Illustrative examples of low risk customers could be salaried employees whose salary structures are well defined, people belonging to lower economic strata of the society, government departments and government owned companies, regulators and statutory bodies. In such cases, the policy may require that only the basic requirements of verifying the identity and location of the customer are to be met.

Notwithstanding the above, in case of continuing policies, if the situation warrants, as for examples if the customer profile is inconsistent with this investment through top-ups, a re-look on customer profile is to be carried out.

v) For the high risk profiles, like for customers who are nonresidents, high net worth individuals, trusts, charities, NGO's and organizations receiving donations, companies having close family shareholding or beneficial ownership, firms with sleeping partners, politically exposed persons (PEPs), and those with dubious reputation as per available public information who need higher due diligence, KYC and underwriting procedures should ensure higher verification and counter checks.

XII. CONTRACTS WITH POLITICALLY EXPOSED PERSONS (PEPS)

i) Insurers shall devise procedure to ensure that proposals for contracts with high risk customers are concluded only after approval of senior management officials. It is however emphasized that proposals of Politically Exposed Persons (PEPs) (as specified in the AML/CFT Master Circular issued by Reserve Bank of India from time to time) in particularrequires examination by senior management, not below the level of Head (underwriting) /Chief Risk Officer.

ii) Insurers are directed to lay down appropriate on-going risk management procedures for identifying and applying enhanced due diligence measures on an on-going basis to PEPs and customers who are close relatives of PEPs. These measures are also to be applied to insurance contracts of which a PEP is the ultimate beneficial owner (s).

iii) If the on-going risk management procedures indicate that the customer or beneficial owner(s) is found to be PEP, or subsequently becomes a PEP, the senior management should be informed on this business relationship and apply enhanced due diligence measures on such relationship.

XIII. NEW BUSINESS PRACTICES/DEVELOPMENTS

i) Insurers shall pay special attention to money laundering threats that may arise from

a) Development of new products
b) New business practices including new delivery mechanisms;
c) Use of new or developing technologies for both new and preexisting products.

ii) Special attention should especially, be paid to the ‘non-face-to-face' business relationships brought into effect through these methods.

iii) Insurers should lay down systems to prevent the misuse of money laundering framework.

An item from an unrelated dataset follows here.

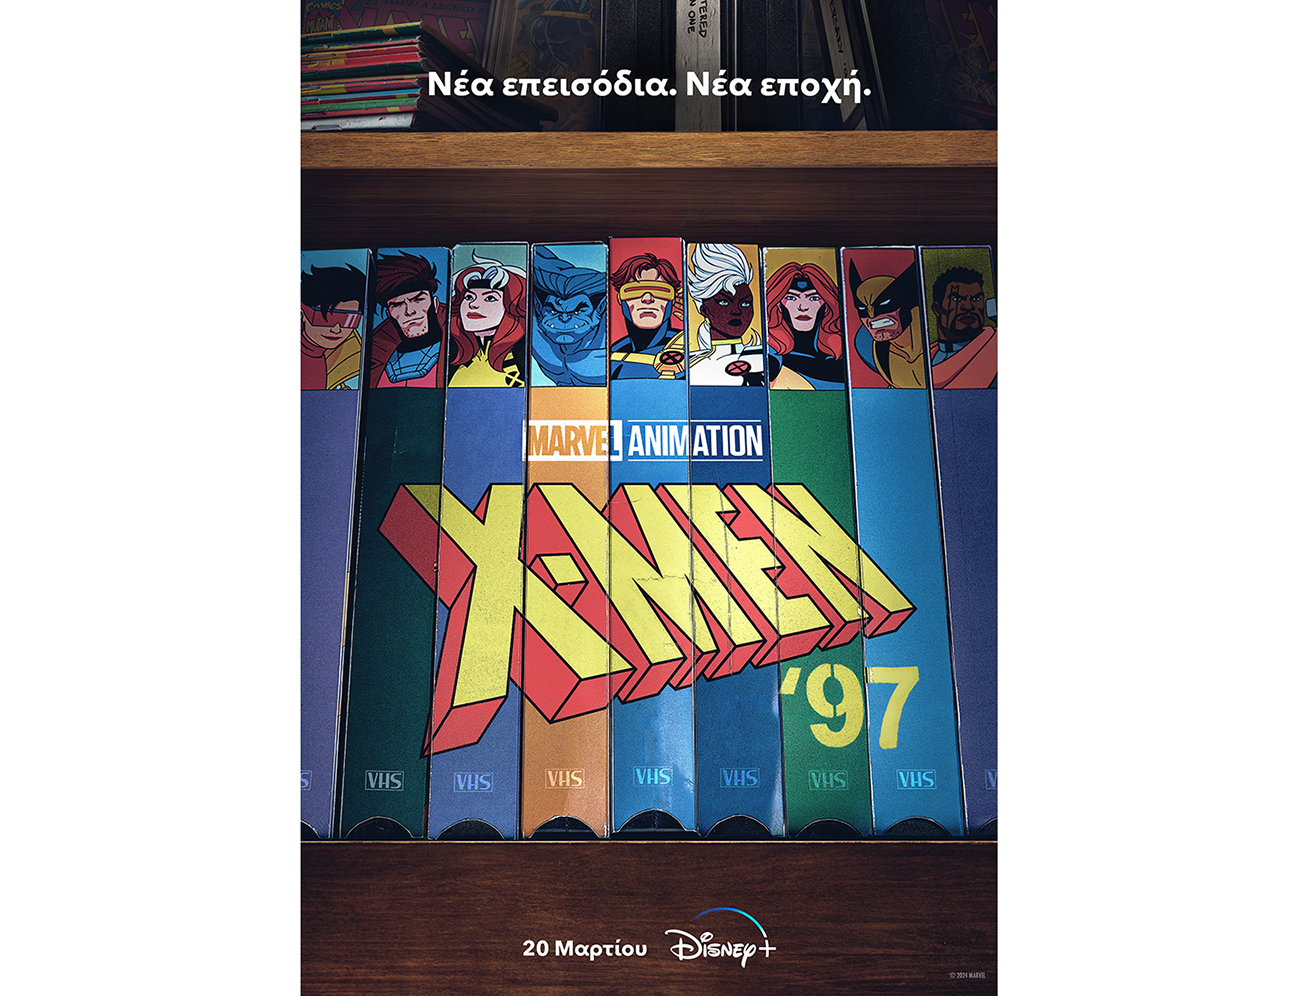 Η νέα σειρά «X-Men ’97» από τις 20 Μαρτίου αποκλειστικά στο Disney+

Safeguards will have to be built to manage typical risks associated in these methods like the following:

a) Ease of access to the facility;
b) Speed of electronic transactions;
c) Ease of making multiple fictitious applications without incurring extra cost or the risk of detection;

iv) The extent of verification in respect of such ‘non face-to-face' customers will depend on the risk profile of the product and that of the customer.

v) Insurers shall have in place procedures to manage specific increased risks associated with such relationships e.g. verification of details of the customer through on-site visits.

XIV. IMPLEMENTATION OF SECTION 51A OF THE UNLAWFUL ACTIVITIES (PREVENTION) ACT, 1967 (UAPA)

i) Section 51A of the Unlawful Activities (Prevention) Act, 1967(UAPA), relating to the purpose of prevention of, and for coping with terrorist activities was brought into effect through UAPA Amendment Act, 2008. In this regard, the Central Government has issued an Order dated August 27, 2009 detailing the procedure for the implementation of Section 51A of the UAPA.

ii) The insurers should not enter into a contract with a customer whose identity matches with any person in the UN sanction list or with banned entities and those reported to have links with terrorists or terrorist organizations.

iii) Insurers shall periodically check MHA( Ministry of Home Affairs) website for updated list of banned entities.

iv) A list of individuals and entities subject to UN sanction measures under UNSC Resolutions (hereinafter referred to as ‘designated individuals/ entities') would be circulated to the insurers through Life/ General Insurance Council, on receipt of the same from the Ministry of External Affairs (MEA). This is in addition to the list of banned entities compiled by Ministry of Home Affairs (MHA) that have been circulated to the insurers till date.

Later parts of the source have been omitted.